How Much Red Before Going Green?

In the days of “Occupy Wall Street” where social media and the internet showcases the delivery of various political and social viewpoints to the masses at the speed of thought, never before witnessed in our history, we are still slow to push forward some initiatives that would greatly help this country.  This occurred to me while reading a very interesting post from a Sustainability Roundtable member http://www.sustainround.com/category/corporat-leadership/sustainability-initiatives/.

I am talking, in particular, about Green Building and Sustainable Development in our cities.  This notion of incorporating green building practices in retrofitting and new building developments has been bantered about, and vehemently debated throughout the country for over a decade and yet we are still at the beginning stages of a wholesale build-out.

I can’t help but be confused by all the differing reports from industry experts regarding the true cost of building green.  The extremely conscious city of Portland in the beautiful state of Oregon is no exception to the differing opinions on how much green initiatives to be incorporated into the development plans of the city.

No doubt, on a national level, the awareness is growing and some states and local municipalities have already implemented Energy Performance Regulations requiring various levels of disclosure and reporting.

The big question in my mind is, where is the bottleneck that is preventing this renaissance?  There are many incentives and subsidies that help diffuse the pain of high capital costs, as well as, the recurring operational cost savings from a “greener” building.

In the latest Sustainability Roundtable: Management Best Practices http://www.sustainround.com/wp-content/uploads/2011/08/SRInc_SRER_Leased-Space_ExecSumm.pdf

publication, they outlined three recent trends:

  1. The most respected statistically normalized studies consistently demonstrate that green buildings create value through leasing (5%) and sale price (5-7%) premiums.
  2. When consultants are not overpaid, green buildings and, specifically, green building certification, are in fact far less costly to achieve (0-2% additional cost) than many real estate professionals assume.
  3. There is increasing recognition of the health and productivity benefits of green buildings.

Another key takeaway from the report stated, “leading companies are moving to a more sustainable leased space to lower operating costs, reduce environmental risks, increase productivity, improve recruiting and retention, implement corporate sustainability mandates, and enhance brand and reputation.”

It all sounds great but I am neither a civil engineer nor a city planner, so where is the Beef?  What else needs to be done in order to motivate a faster change?  Your voice is welcome!

Comments
4 Responses to “How Much Red Before Going Green?”
  1. The bottleneck is complacency of the non-institutional landlords and building owners – only continuing education, higher energy costs and an evaporating tenant base from the non-sustainable properties will spur faster action.

    • howard says:

      Great points…
      Continuing education and awareness is on the rise-check!
      Higher Energy costs are a reality-check!
      Are tenants placing sustainable offices and green building efficiency higher up on their priority lists?
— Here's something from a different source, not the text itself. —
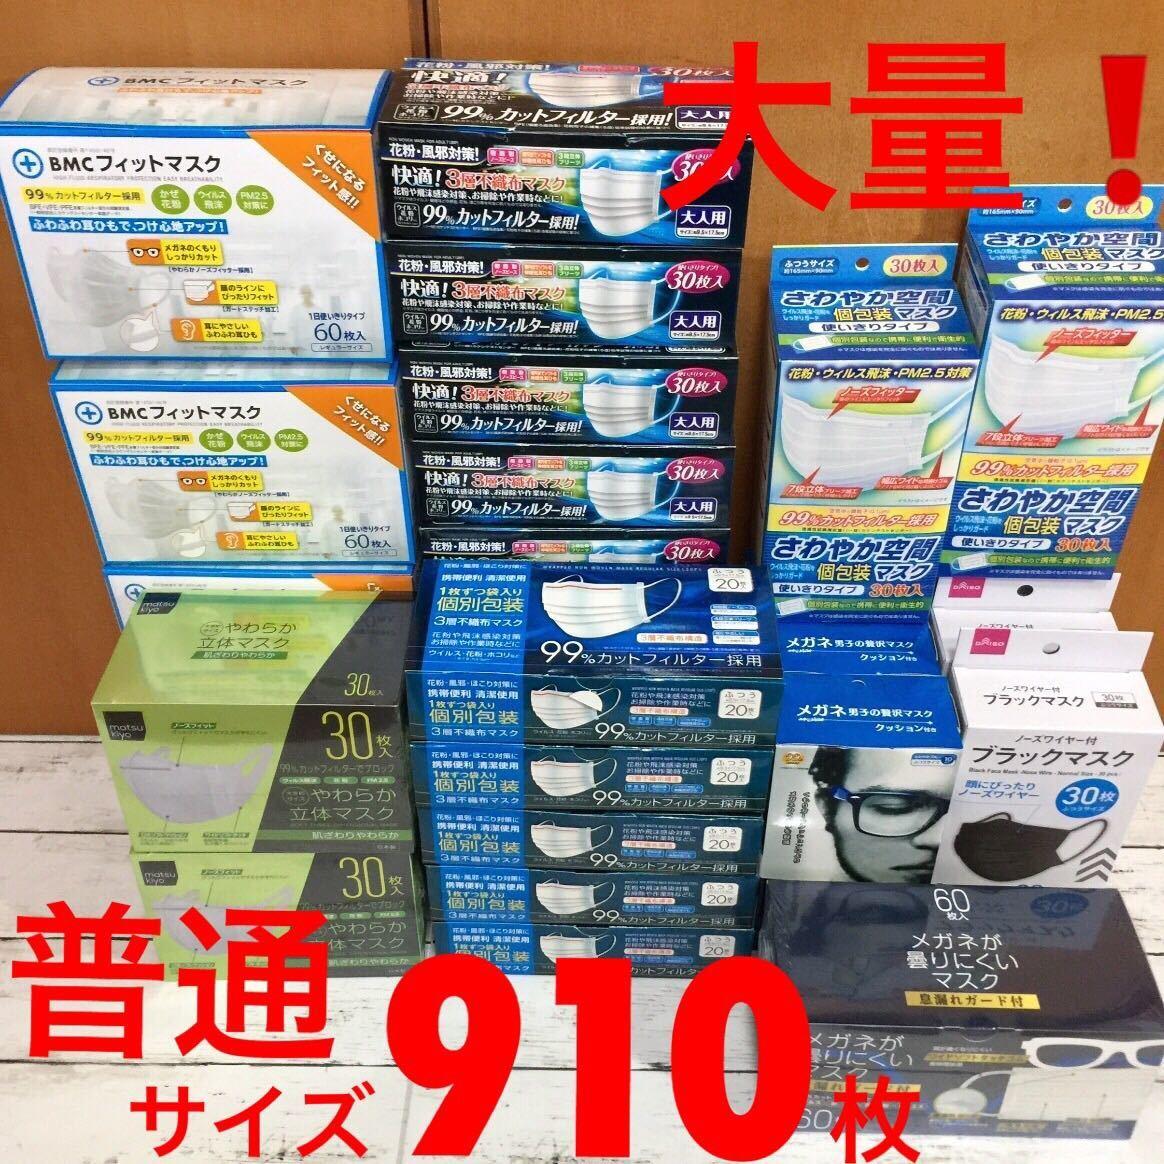 送料無料 全て普通サイズ ウィルス対策 マスク 合計910枚(29箱) サージカルマスク 飛沫感染防止 大量まとめ売り

Is anyone noticing any trends?

  2. Bob says:

    I know for a fact European firms are required to submit carbon footprint metrics as a part of their annual reporting and even with that there is no appetite for taking on higher operating costs to be more green.

    Frankly energy costs may well be falling like a stone following the November 2012 elections provided Republicans move forward with their plan to drill for energy in the US as a means of eliminating debt and reducing unemployment. Cap and Trade is dead and alternative energy sources have proven to be far less robust that hoped leaving the alternative options of wind and solar as small players on the global stage.

    That however does not stop governments from subsidizing losing industries in hopes of a breakthrough or more likely a mandate. Mandates are just another way of saying a rising cost of operations for businesses and inflation for consumers. I want clean water and air just like any other sane person but at what cost, what is the ROI we need to have for 10% cleaner water, how does that change manifest itself in improving lives, ditto air.

    I remember how dirty air was in the 60’s and 70’s, we have made great strides is the next improvement worth the price? What is the goal for green buildings, why the race? Could it be that there is someone who is prepared to make a huge profit on the new energy or new standards. I know one company that has little regard for cleaner anything, increasing its footprint in the tidal sewers of India and China while developing software to manage carbon credits.

    Before we run to mandate green buildings I suggest we think about the investment required and the impact of those investments. Remember any rise in corporate costs results in a similar if not more substantial rise in product costs-the corporate return must always be defined in percentages above the costs of production.

    Be careful of unintended consequences, they typically are the most damning.

    • howard says:

      Great counter points…the devil is in the details.
      You state economic barriers, or more specifically, a balance of economic factors to influence the supply side concerns.
      What are your thoughts & observations regarding the demand side of this puzzle?